Since the p value < 0.05, we reject the H0, and there is a difference between the two means.

### Q 6. Paired samples t-test

The average mass of acorns from the same N = 30 trees downwind of a power plant is measured before (x<sub>1</sub>) and after (x<sub>2</sub>) the power plant converts from burning coal to burning natural gas. Does the mass of the acorns change after the conversion from coal to natural gas at a significance level of 0.05? 

### sample before conversion to natural gas
x1 = np.array([10.8, 6.4, 8.3, 7.6, 11.4, 9.9, 10.6, 8.7, 8.1, 10.9,
      11.0, 11.8, 7.3, 9.6, 9.3, 9.9, 9.0, 9.5, 10.6, 10.3,
      8.8, 12.3, 8.9, 10.5, 11.6, 7.6, 8.9, 10.4, 10.2, 8.8])

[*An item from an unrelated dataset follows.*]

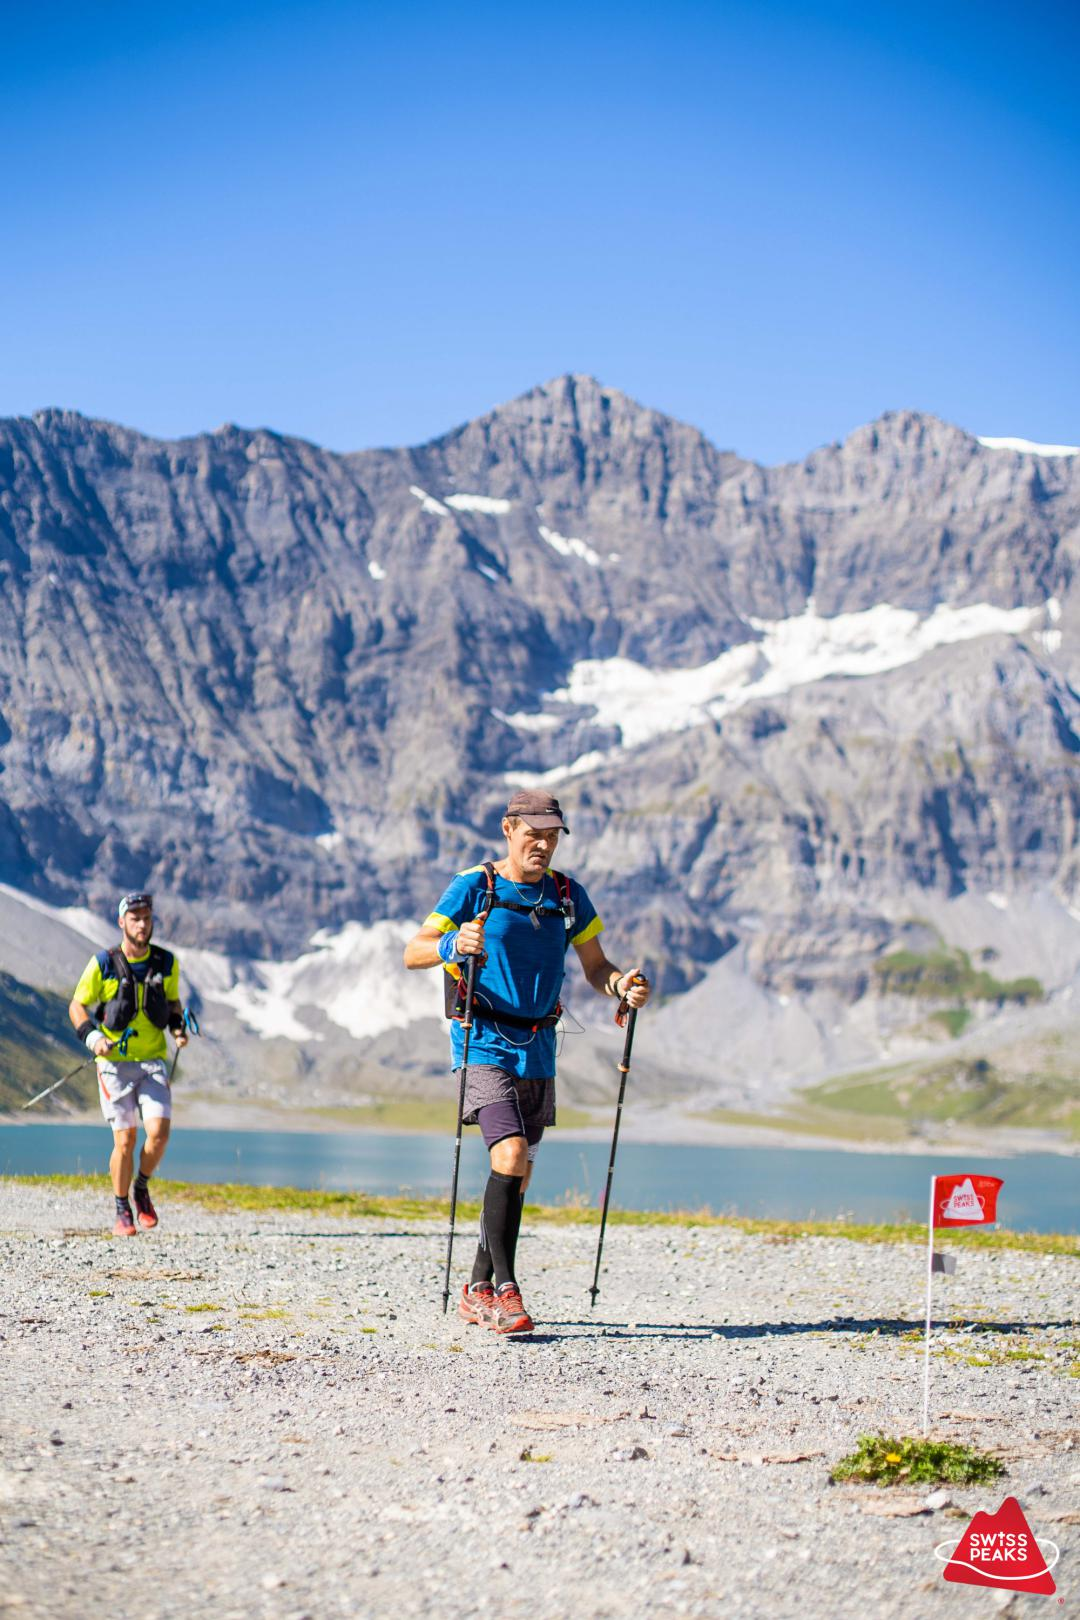 SwissPeaks Trail_Coureurs en montagne.jpg

### sample after conversion to natural gas
x2 = np.array([10.1, 6.9, 8.6, 8.8, 12.1, 11.3, 12.4, 9.3, 9.3, 10.8,
      12.4, 11.5, 7.4, 10.0, 11.1, 10.6, 9.4, 9.5, 10.0, 10.0,
      9.7, 13.5, 9.6, 11.6, 11.7, 7.9, 8.6, 10.8, 9.5, 9.6])

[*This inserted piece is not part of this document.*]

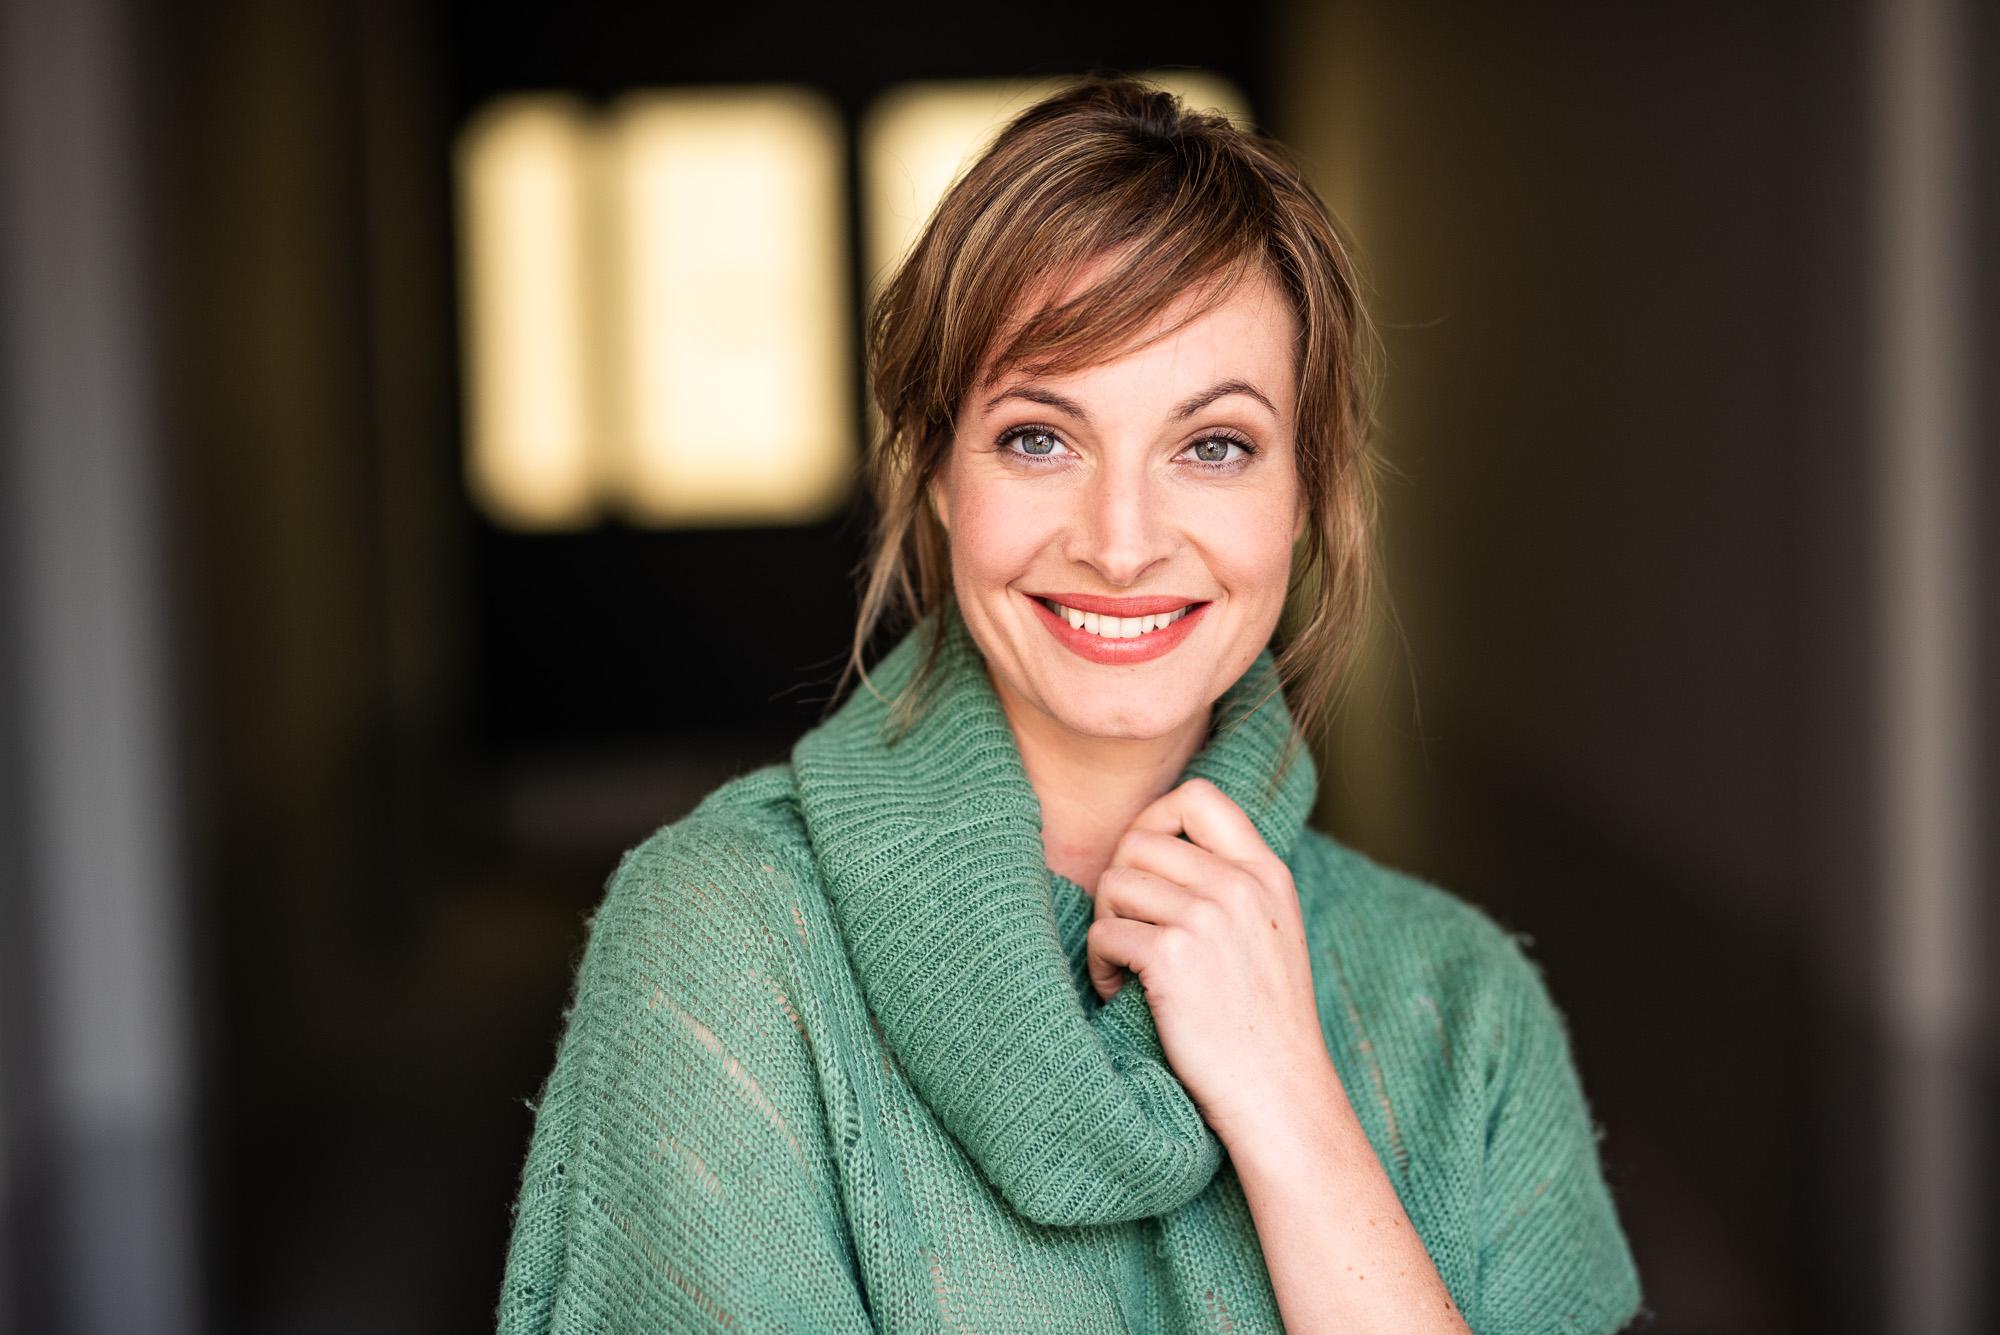 Die Schauspielerin Dagny Dewath stellt sich in ihrem Podcast den großen und kleinen Fragen der Klimakrise (Fotocredits: Alan Ovaska)

**a) Formulate the null and alternate hypothesis.**

Null hypothesis: the mass of the acorns is unchanged after the conversion from coal to natural gas

$H_0$ : µ1 = µ2

Alternative hypothesis: the mass of the acorns changes after the conversion from coal to natural gas

$H_a$ : µ1 $\neq$ µ2

**b) Calculate the test-statistic and based on the p-value provide a conclusion.**

In [29]:
x1 = np.array([10.8, 6.4, 8.3, 7.6, 11.4, 9.9, 10.6, 8.7, 8.1, 10.9, 11.0, 11.8, 7.3, 9.6, 9.3, 9.9, 9.0, 9.5, 10.6, 10.3, 8.8, 12.3, 8.9, 10.5, 11.6, 7.6, 8.9, 10.4, 10.2, 8.8])
x2 = np.array([10.1, 6.9, 8.6, 8.8, 12.1, 11.3, 12.4, 9.3, 9.3, 10.8, 12.4, 11.5, 7.4, 10.0, 11.1, 10.6, 9.4, 9.5, 10.0, 10.0, 9.7, 13.5, 9.6, 11.6, 11.7, 7.9, 8.6, 10.8, 9.5, 9.6])

In [32]:
#import the required functions
from scipy.stats import ttest_rel

# find the p-value
test_stat, p_value = ttest_rel(x1, x2) # why are we not using the alternative here?
print('The p-value is ', p_value)

The p-value is  0.0005168689824684378


Since p-value(0.0005) < 0.05, we reject the null hypothesis and conclude that there is a significant difference between the means of the acorns before and after the power plant converts from burning coal to burning natural gas.